I have spent a good deal of my working life reporting at first hand on disasters of different kinds. Floods and famines, earthquakes and cyclones, humanitarian crises triggered by conflict — mostly in Africa and South Asia. Some of them were sudden disasters. Others — like the Ethiopian famine of the mid-1980s that killed up to a million people — unfolded slowly and inexorably.
There were times when I could grasp the sheer scale of suffering in the biggest of these disasters: the thousands and thousands of people shivering and starving in the dawn chill on the plain outside the Ethiopian highlands town of Korem; seeing the mass graves in which they had buried the earthquake dead in Haiti and the scene of utter devastation on arriving in the capital, Port-au-Prince; the vast areas under water and the communities marooned in the 2010 Pakistan floods. But what particularly stays with me now is the effects of the disasters on individuals.
From people who managed to reach Korem alive to begin the search for food, I heard about the elderly people they had had to leave behind to a near certain death and about those people who became so weak they died on the way.
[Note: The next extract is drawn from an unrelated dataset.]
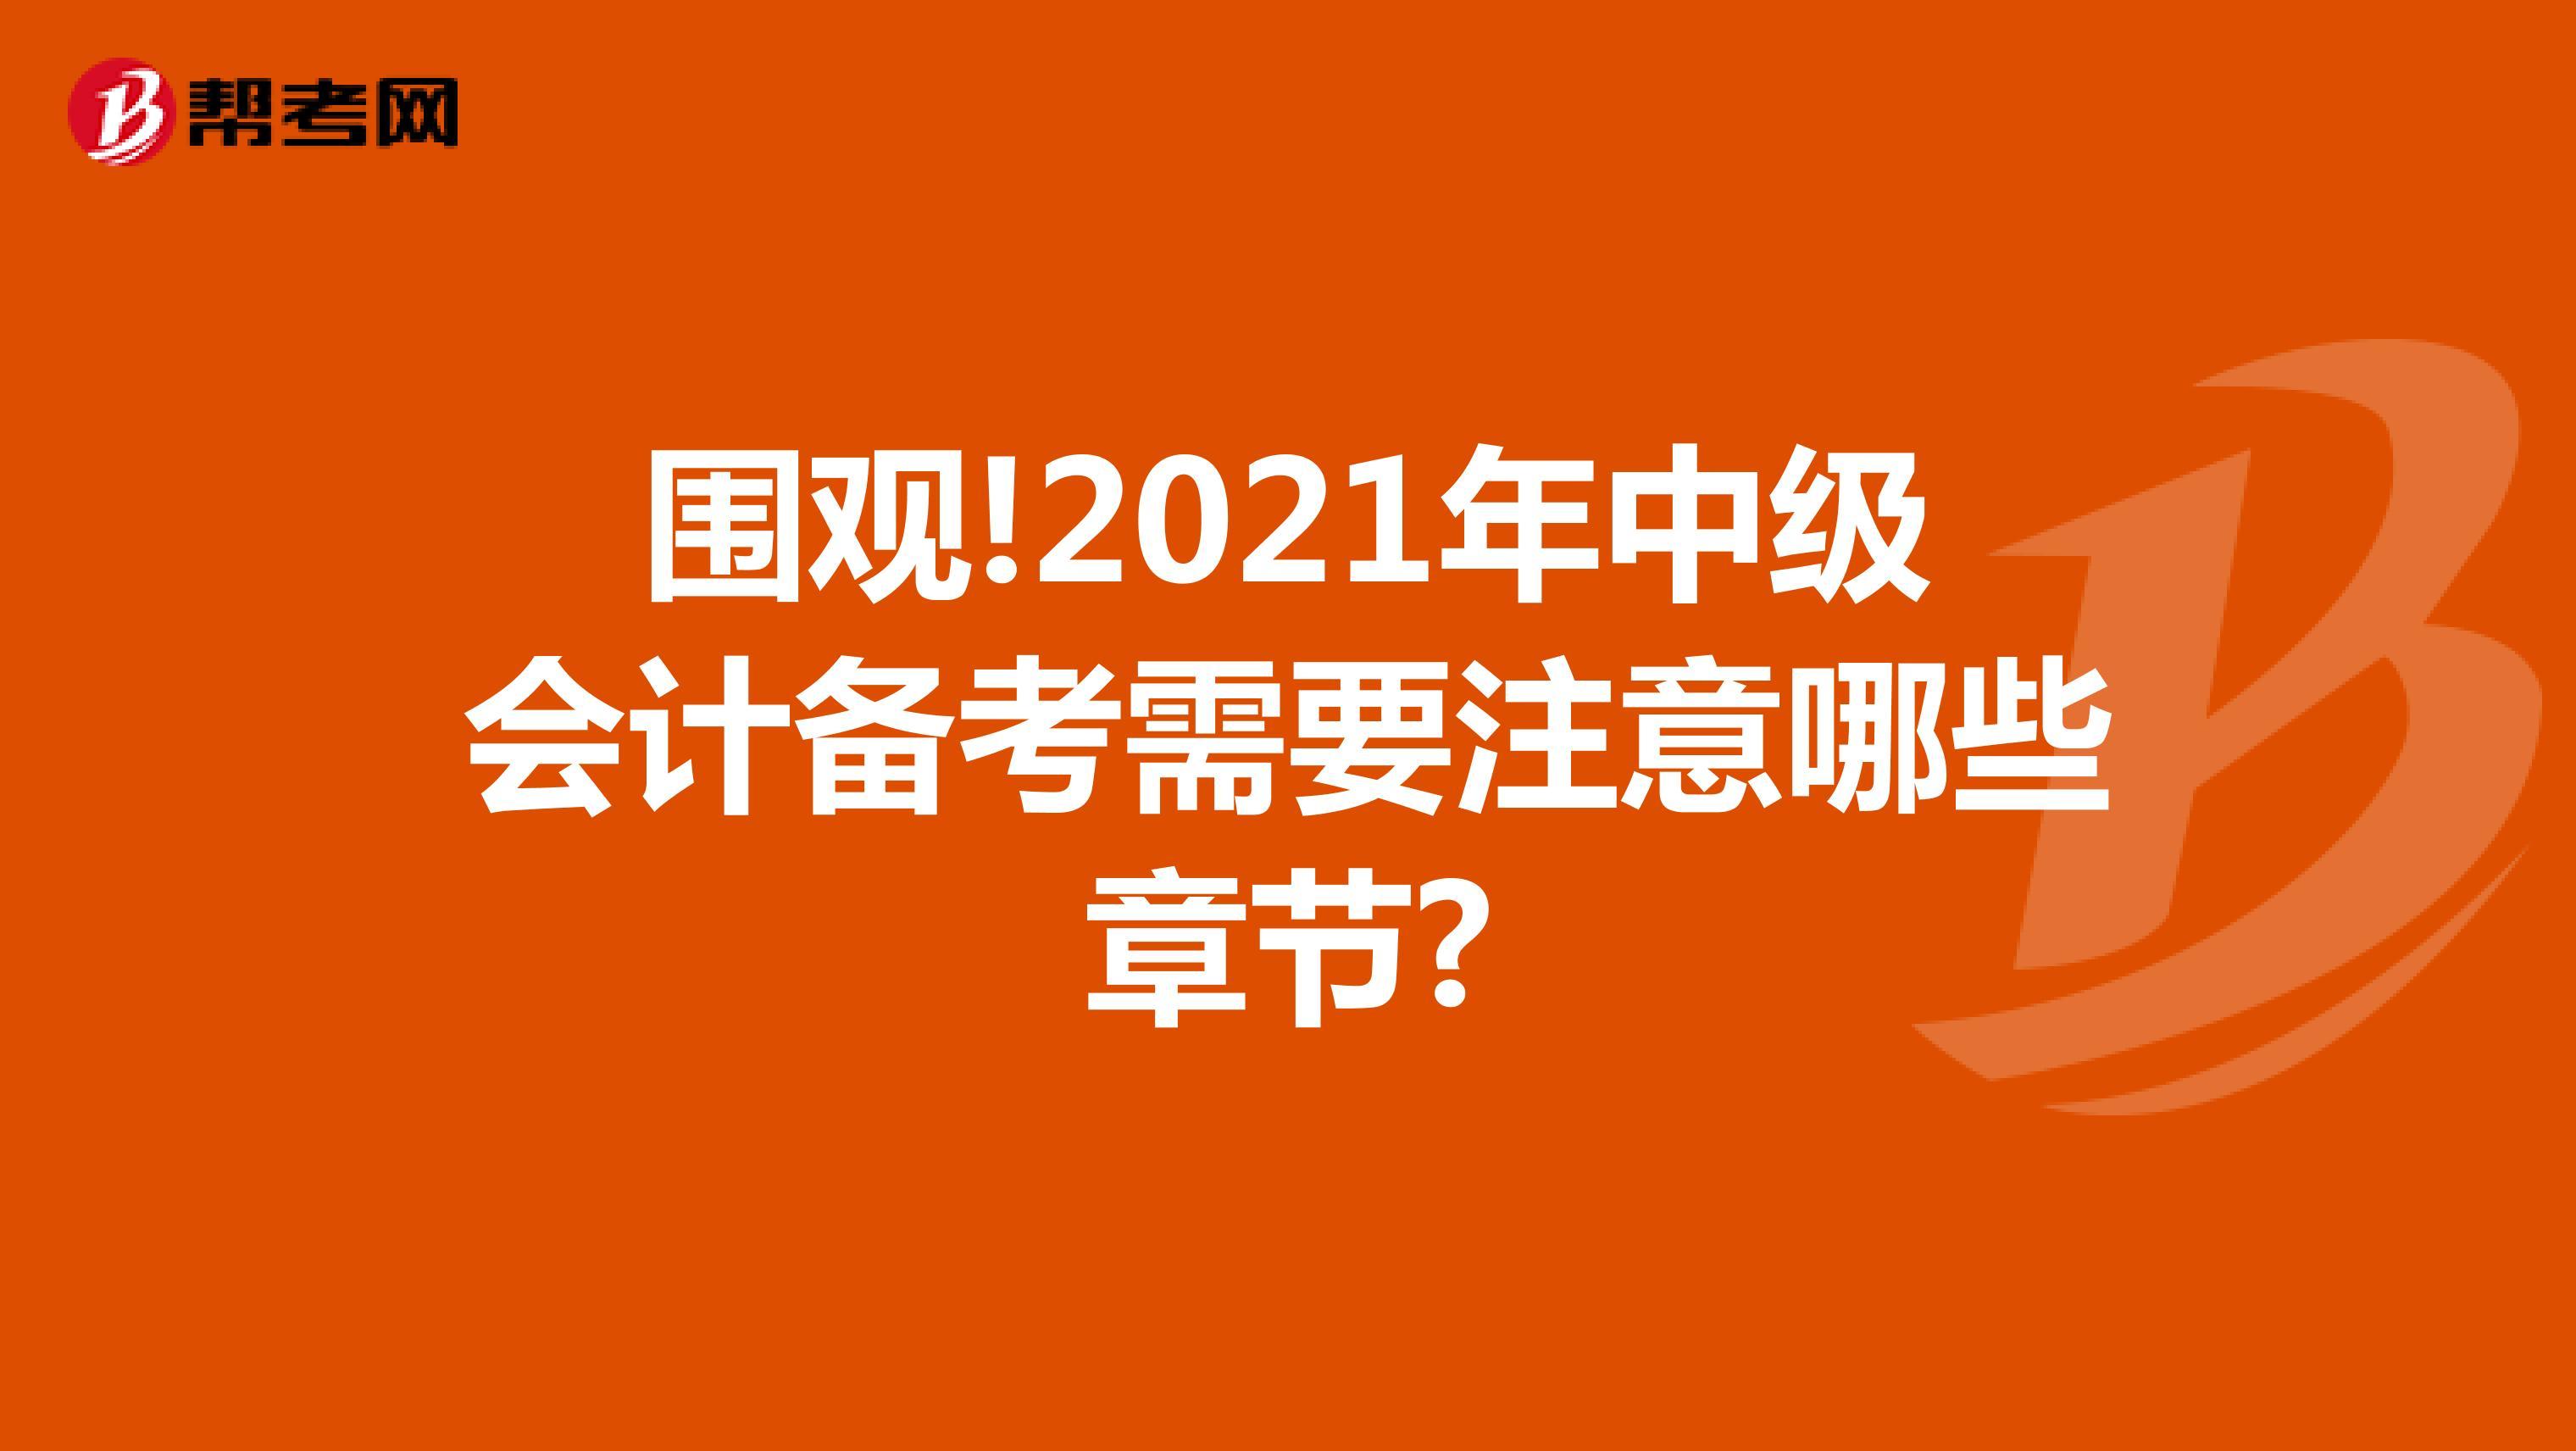 围观!2021年首页官网雷火需要注意哪些章节?

And there was the day a distraught father held out his skeletal child in his arms and begged us to take him with us.
In Mozambique — during near famine conditions caused by protracted civil war — I went to a village cut off by rebels and, in the midst of its deprivation, I met a health worker who risked mines and other threats to walk to and from a distant town by night to restock medicines in his clinic.
When HIV surfaced in southwestern Uganda in the 1980s I met families who would isolate ailing relatives out of sight, such was the stigma attached then to the disease and their lack of hope that they could find any help.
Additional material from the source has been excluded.